= Francis A. Thomas =

American politician (1826–1899)

Francis A. Thomas (1826 – September 28, 1899) was a prominent physician and Republican politician in New York City's 19th ward.

Born in Lewis County, New York, Thomas graduated from the Columbia College of Physicians and Surgeons in 1853. In 1854, he was appointed as house physician for Blackwell's Island, serving for one year.

Thomas was a prominent Republican, helping to found the Sons of Freedom during the Civil War. The Sons of Freedom later merged into the Union League Club.

Elected in 1865, Thomas served as a councilman from the Seventh District from 1866 to 1867. In 1868, Thomas ran on the Republican ticket for the United States House of Representatives against Democrat Fernando Wood, losing in a close and bitterly contested election.

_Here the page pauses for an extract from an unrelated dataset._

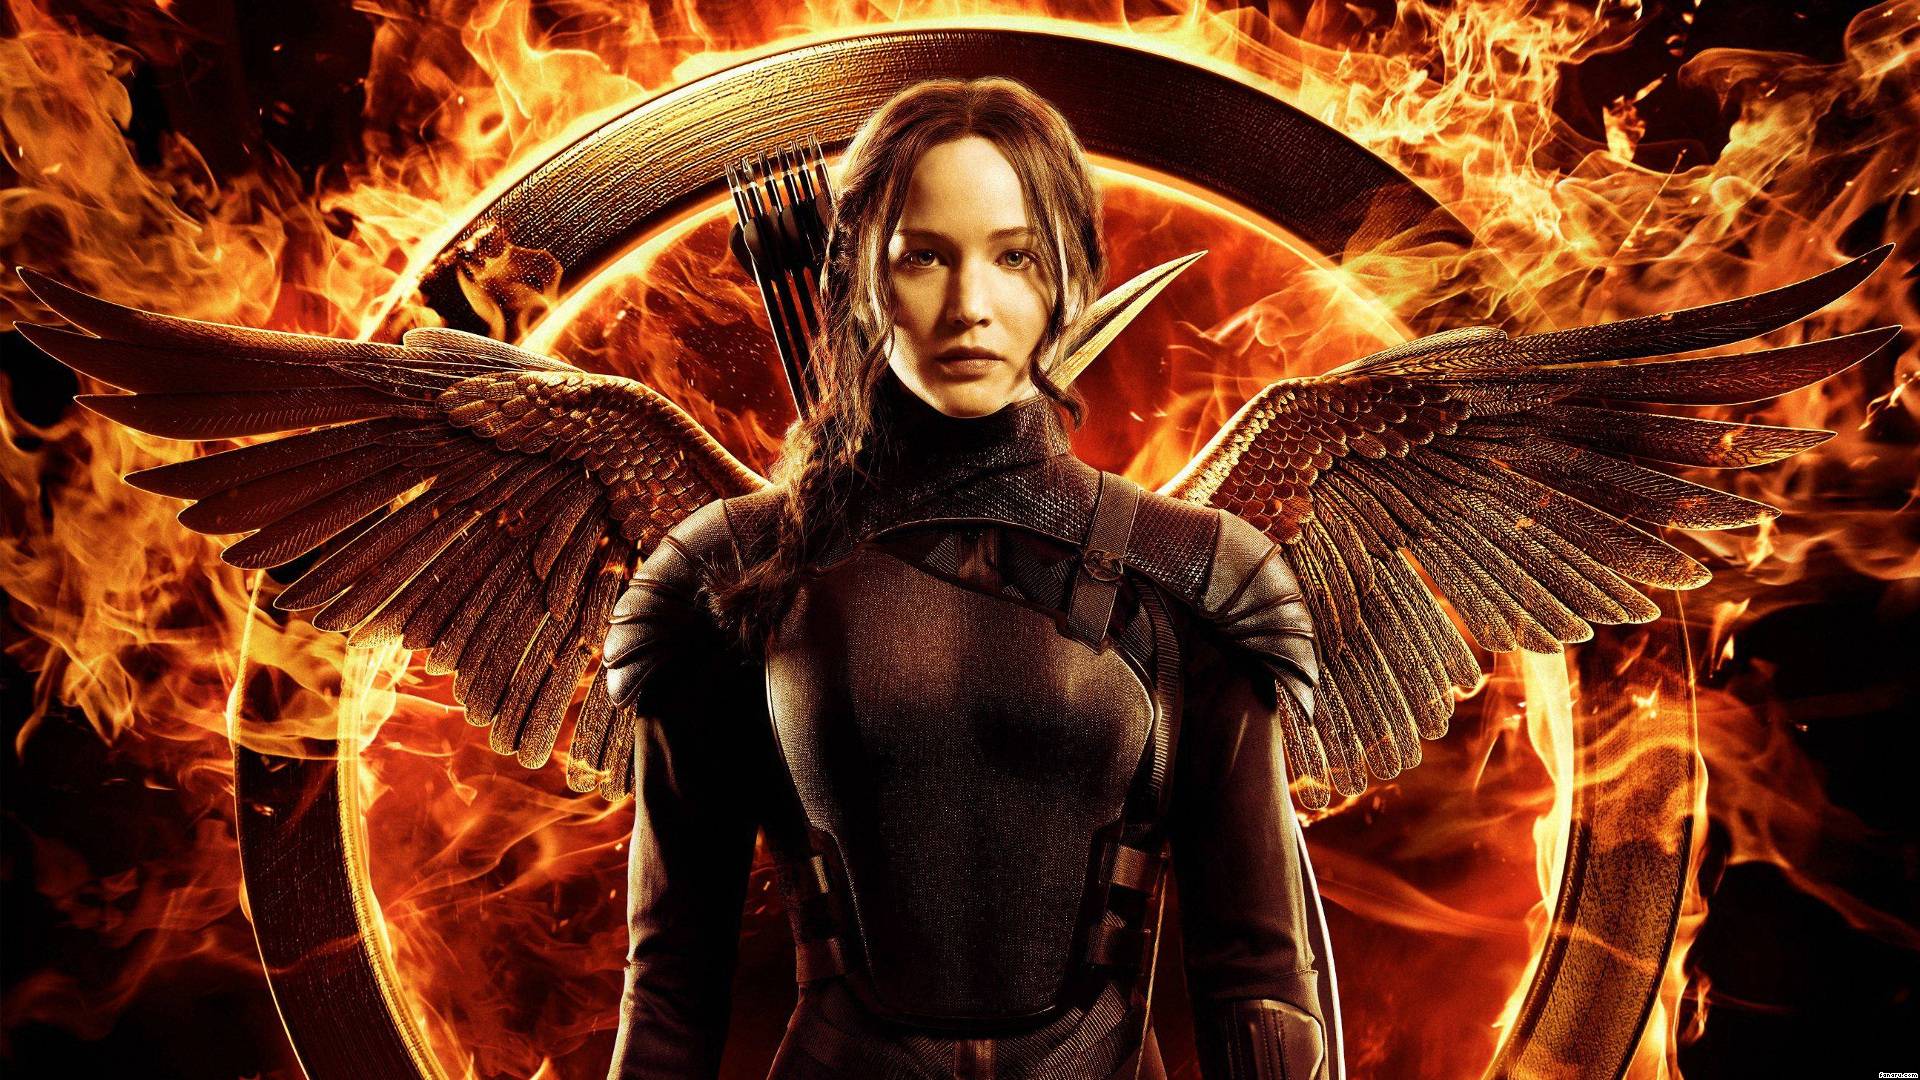 LA VOZ WEEKLY : MOVIE REVIEW: “The Hunger Games: Mockingjay Part One” stays true to the book series
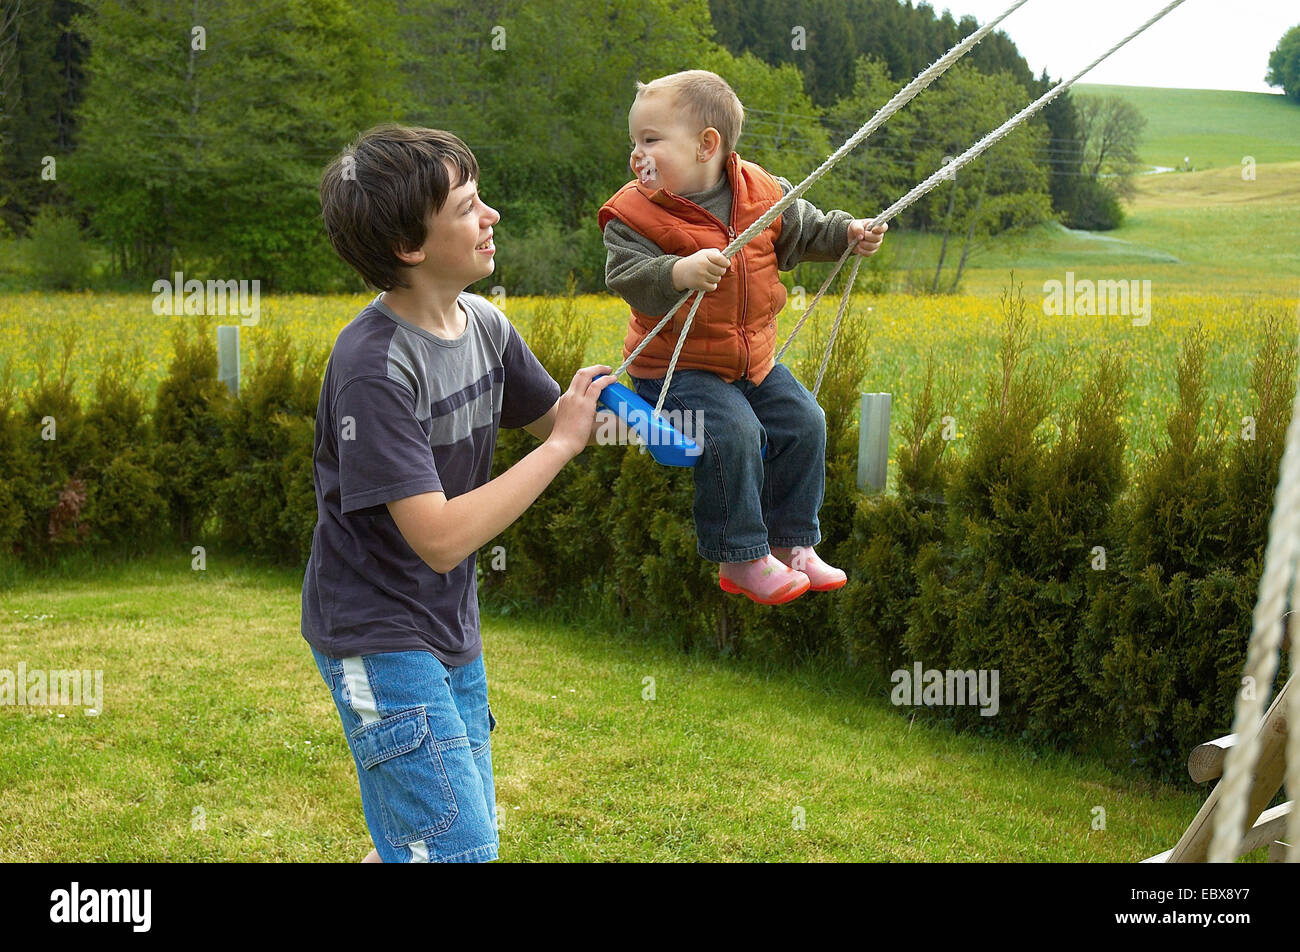 Brothers are swinging together in a garden Stock Photo

He subsequently was made Police Surgeon, and held that office for ten years.

On September 26, 1899, Thomas was struck by a Lexington Avenue cable car while crossing 85th Street near his home and died two days later at Presbyterian Hospital.

==Notes==
- However, in "Fernando Wood: A Political Biography", Jerome Mushkat characterizes Thomas as a "token candidate", which seems to be borne out by Wood winning with 57.6% of the vote to Thomas's 35.7%.